Of course, one can question (as I did in my e-mail, briefly) whether there is some reason to think that a scenario 2 social host case warrants an exception from the general rule of no duty that governs nonfeasance. (More radically, one could question the rule itself, though I think its rejection would prove unpalatable for a number of reasons.) But notice that nonfeasance has already done a lot of work by placing the burden on the plaintiff to argue for the applicability of an exception. And the analysis of that argument can (and I think should) look quite different from the policy inquiry that you suggest. For one thing it is an inquiry that, at least in the first instance, should be about law, not policy per se. That is, lawyers and judges ought to look to recognized doctrinal exceptions to the no-duty rule, such as Tarasoff, and attempt to analogize or build on those. Second, the inquiry is an inquiry into obligation, not an inquiry into social welfare, and, at a minimum, your framing of the issue as one of policy runs the risk of conflating these two. The question is not, whether, all things considered, it would be better from society's perspective to hold social hosts liable to drivers injured by drunk guests (here I essentially agree with Robert Stevens' doubts about the propriety or wisdom of asking judges to answer these sorts of questions, although I am less moved by his apparent view that morality demands that social hosts engaged in ordinary, non-criminal activity should routinely be held responsible for the wrongful acts of others who participate in such activity). It is rather the question of whether, given tort law's hesitancy to recognize affirmative duties, there is something compelling about this sort of scenario that warrants or counsels against creating a binding norm -- violations of which will generate potentially significant liability to others -- specifying that social hosts must from now on take steps to keep track of and control their guests' behavior. (Yes, yes, one can argue that this latter question 'really' just 'boils down' to the all-things-considered social welfare question, but the possibility of being a reductionist is hardly an argument for the propriety of being a reductionist.)

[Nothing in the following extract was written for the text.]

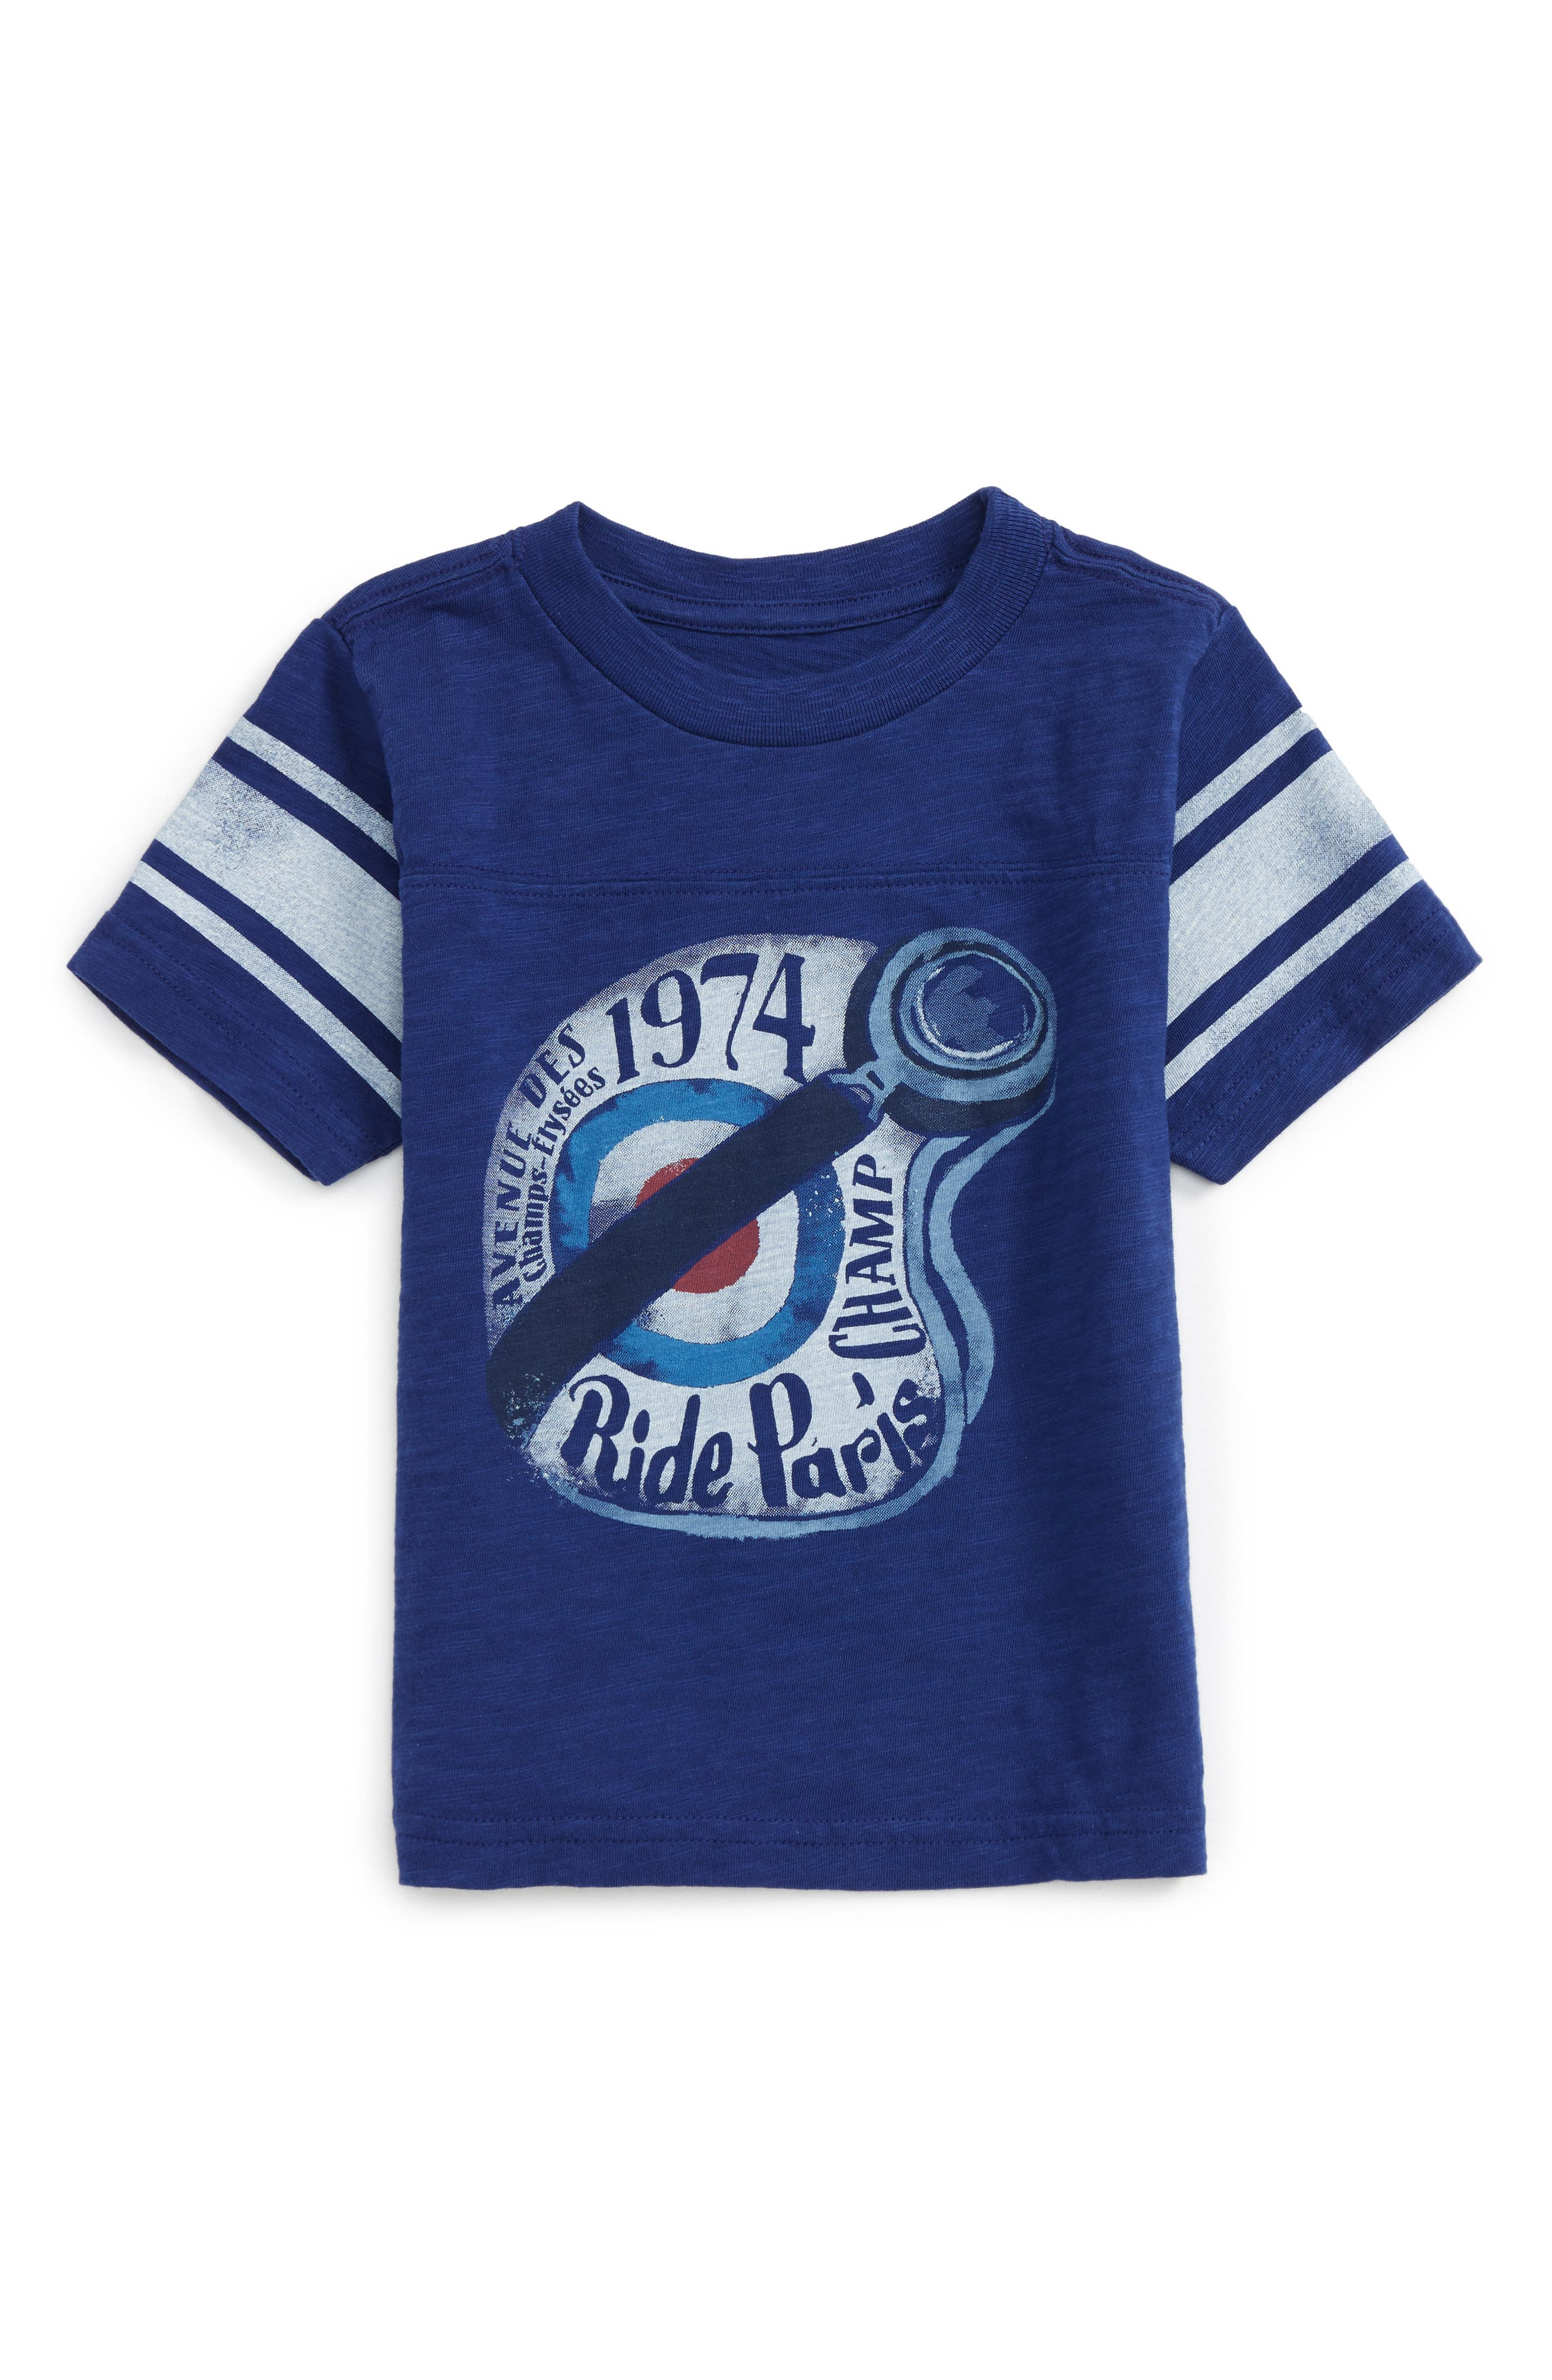 Main Image - Peek Helmet Graphic T-Shirt (Toddler Boys, Little Boys & Big Boys)

Finally, I would suggest that, even if one is looking at tort law as a social engineering mechanism, before one throws it out as a too-cumbersome and too-expensive mechanism for deterrence and compensation, one would have to take account of the intangible (hard-to-measure) deterrence value provided by a body of law that tracks and reinforces norms of responsible conduct. That is, one can't just assess the efficacy of tort law on the assumption that society is a collection of Holmesian bad men, one also has to take into account the effect on norm-followers' behavior of a system of norms that is shored up, in part, by tort law as one among many social practices concerned with holding persons responsible to moderate their conduct in light of the interests of others.